The patient’s intestinal obstruction and gastrointestinal symptoms, initially resistant to prokinetic agents, resolved with IVIG and baricitinib combination therapy. Weight loss reversed, and skin thickening improved from severe to mild.
JAK inhibitors (eg, baricitinib) exert immunomodulatory effects by blocking the JAK-STAT signaling pathways of multiple cytokines—including IL-6, IFN-γ, and GM-CSF—which are key mediators in various autoimmune and inflammatory diseases.16 Study in animal models and SSc patients suggest that JAK inhibitors can reduce fibroblast activation and inhibit excessive extracellular matrix production, thereby alleviating both inflammation and fibrosis.17 To date, no reports have addressed the use of JAK inhibitors in severe SSc-related cardiac involvement.
In this case, the addition of baricitinib demonstrated marked improvements in cardiac function, cardiac structure, and ILD. These findings suggest that baricitinib may exert synergistic effects by simultaneously modulating anti-inflammatory and antifibrotic pathways, particularly attenuating inflammatory myocardial injury. The observed outcomes further indicate that JAK inhibitor-based combination therapy may hold broader therapeutic potential for addressing both fibrotic and inflammatory manifestations in SSc. Further studies are warranted to validate these findings and explore the broader applicability of JAK inhibitors in SSc management. No severe infections or significant laboratory abnormalities were observed during the one-year follow-up. The limitations of this study include the lack of a control group, the single-case design, and limited follow-up period, which restrict generalizability. Future multicenter studies with extended observation are needed to validate these findings.
Conclusion
This case highlights the potential of baricitinib combination therapy as an adjunctive therapy for refractory SSc with multiorgan involvement. The observed improvements in cardiac conduction defects, ILD, and skin fibrosis suggest that JAK inhibitors may offer a promising therapeutic avenue for severe SSc cases resistant to conventional treatments.

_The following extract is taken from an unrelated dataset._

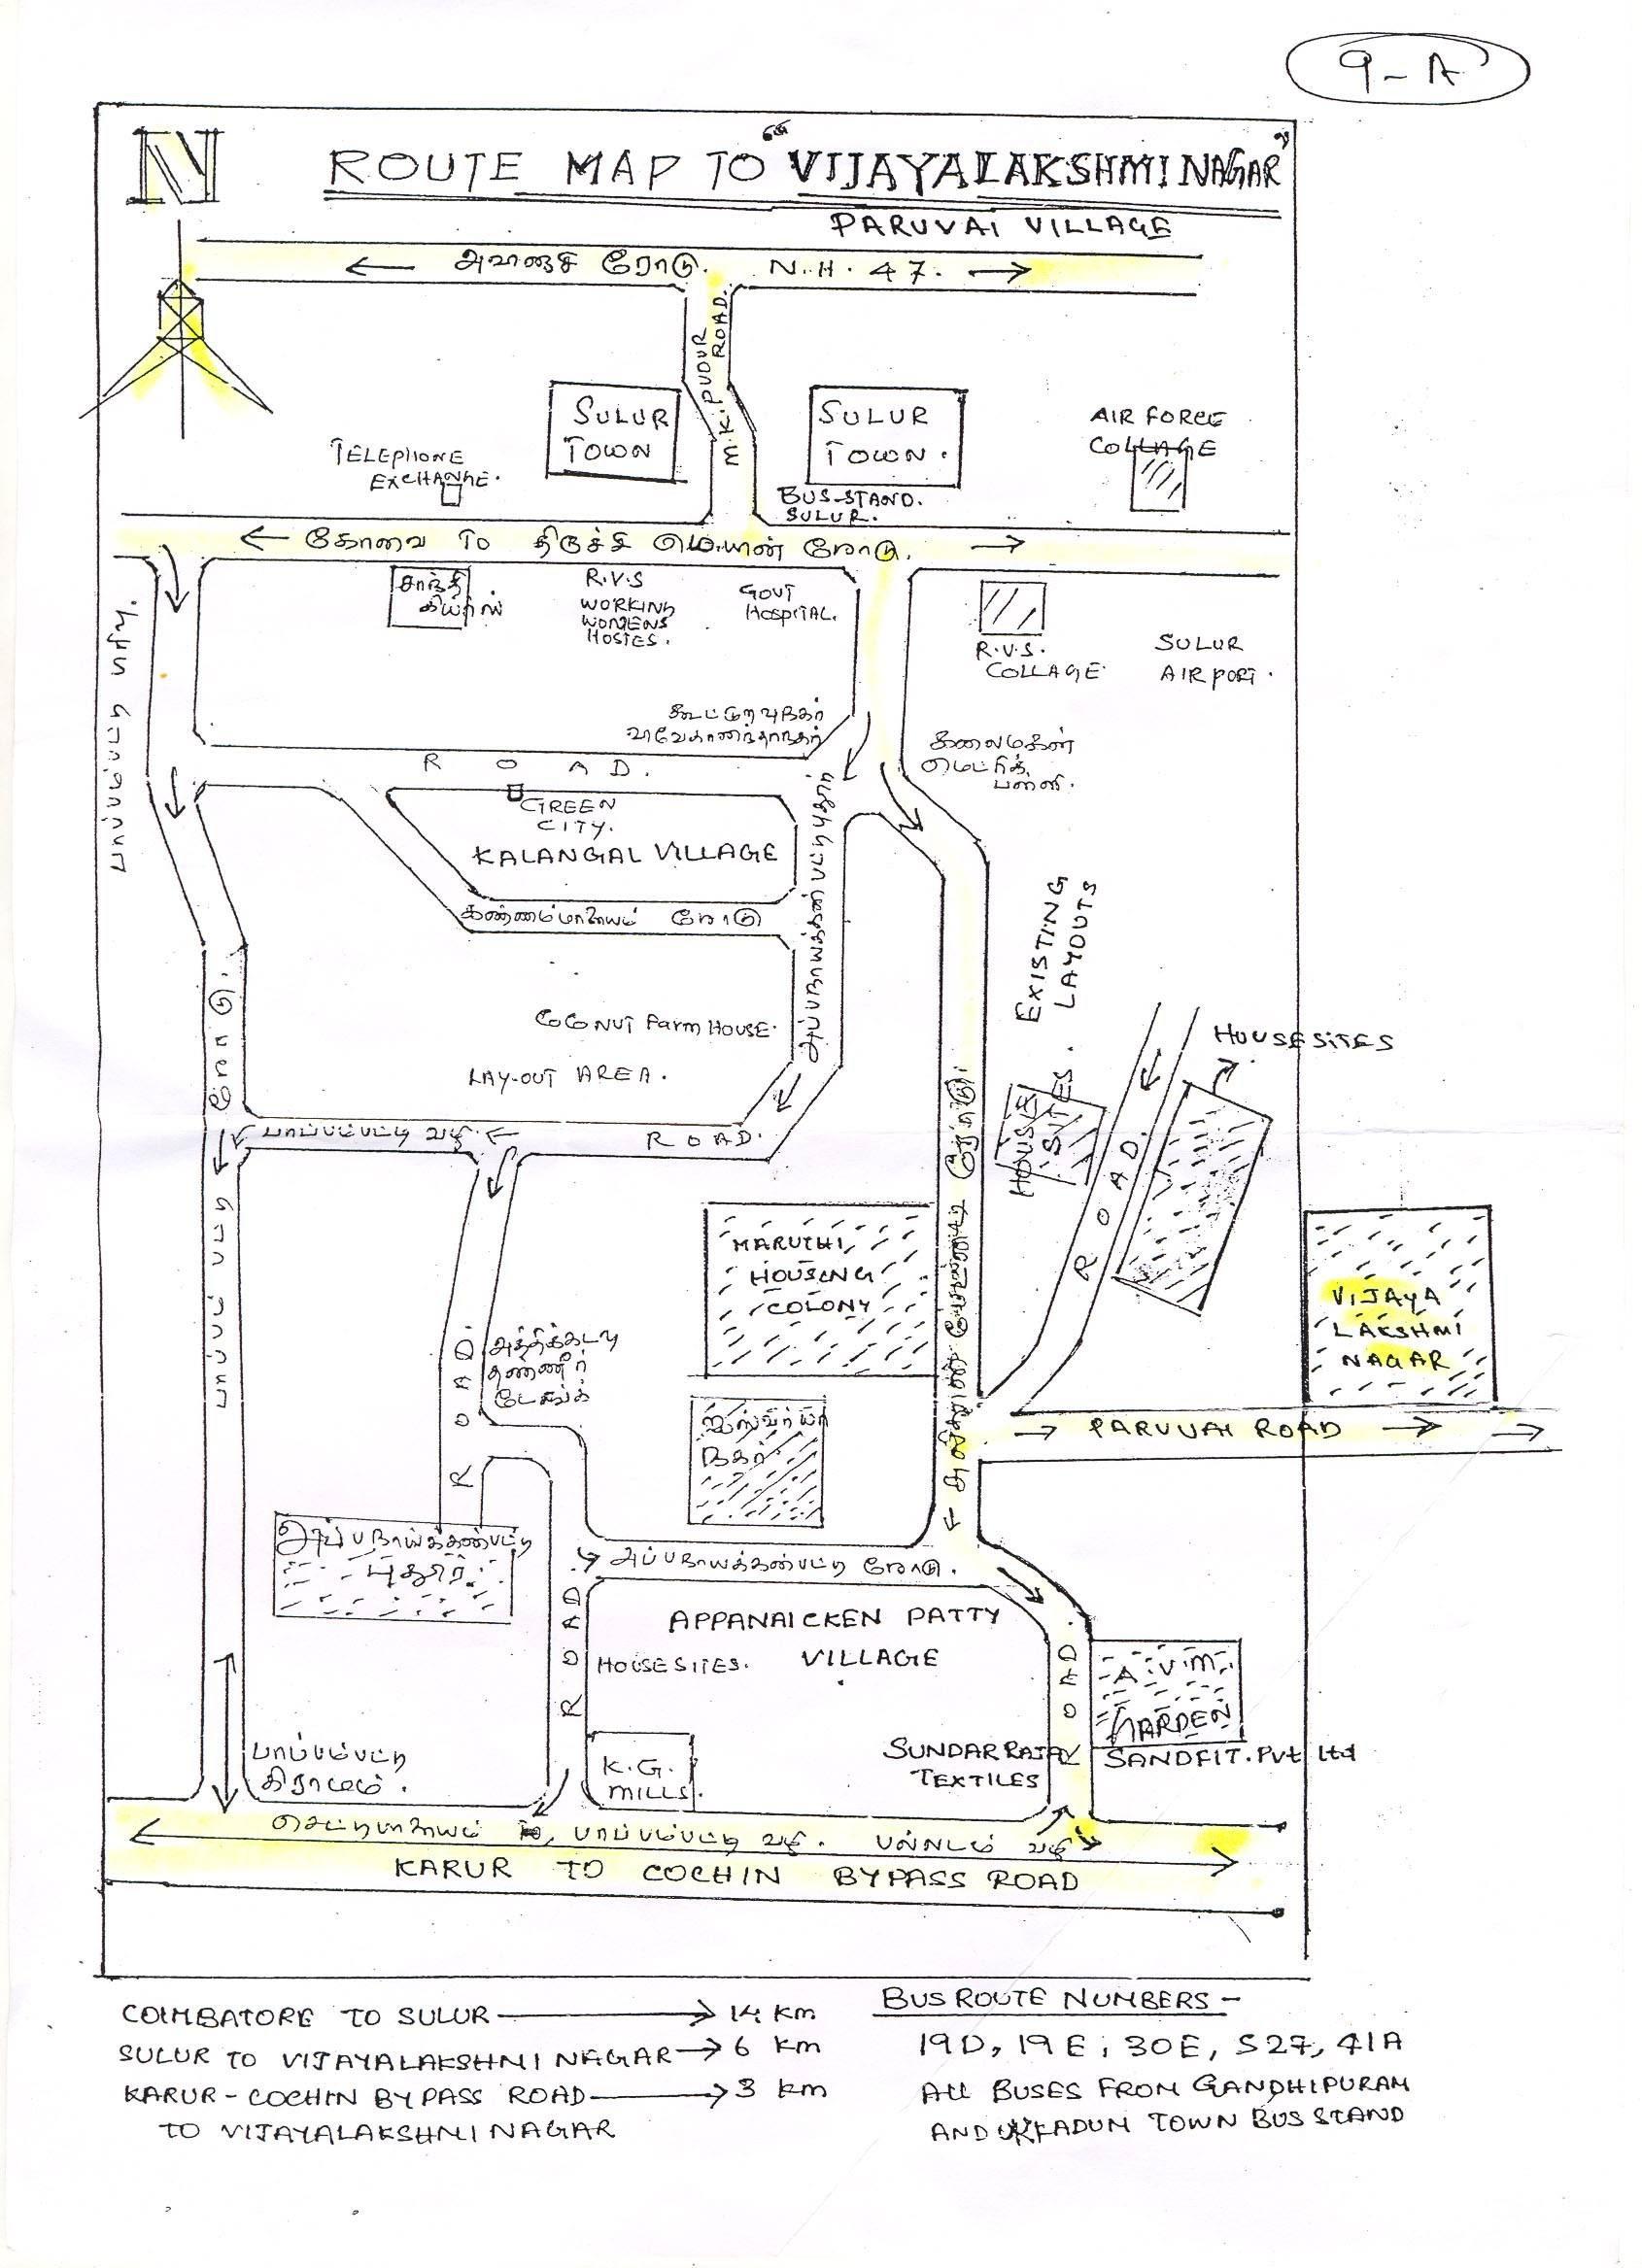 Coimbatore Route Map vijayalakshminagar   lakmirster

Ethics Approval and Informed Consent
This study was approved by the Ethics Committee of First Affiliated Hospital, Jinan University. The patient provided written informed consent. The consent for publication has been obtained from the patient. Institutional approval was not required for the publication of the patient’s case details.
Funding
This study was supported by grants from the National Natural Science Foundation of China (No.81901650, No.82001821), the Funding by Science and Technology Projects in Guangzhou (Nos.2024A03J0819, 2024A03J0824).
Disclosure
The authors declare that they have no competing interests in this work.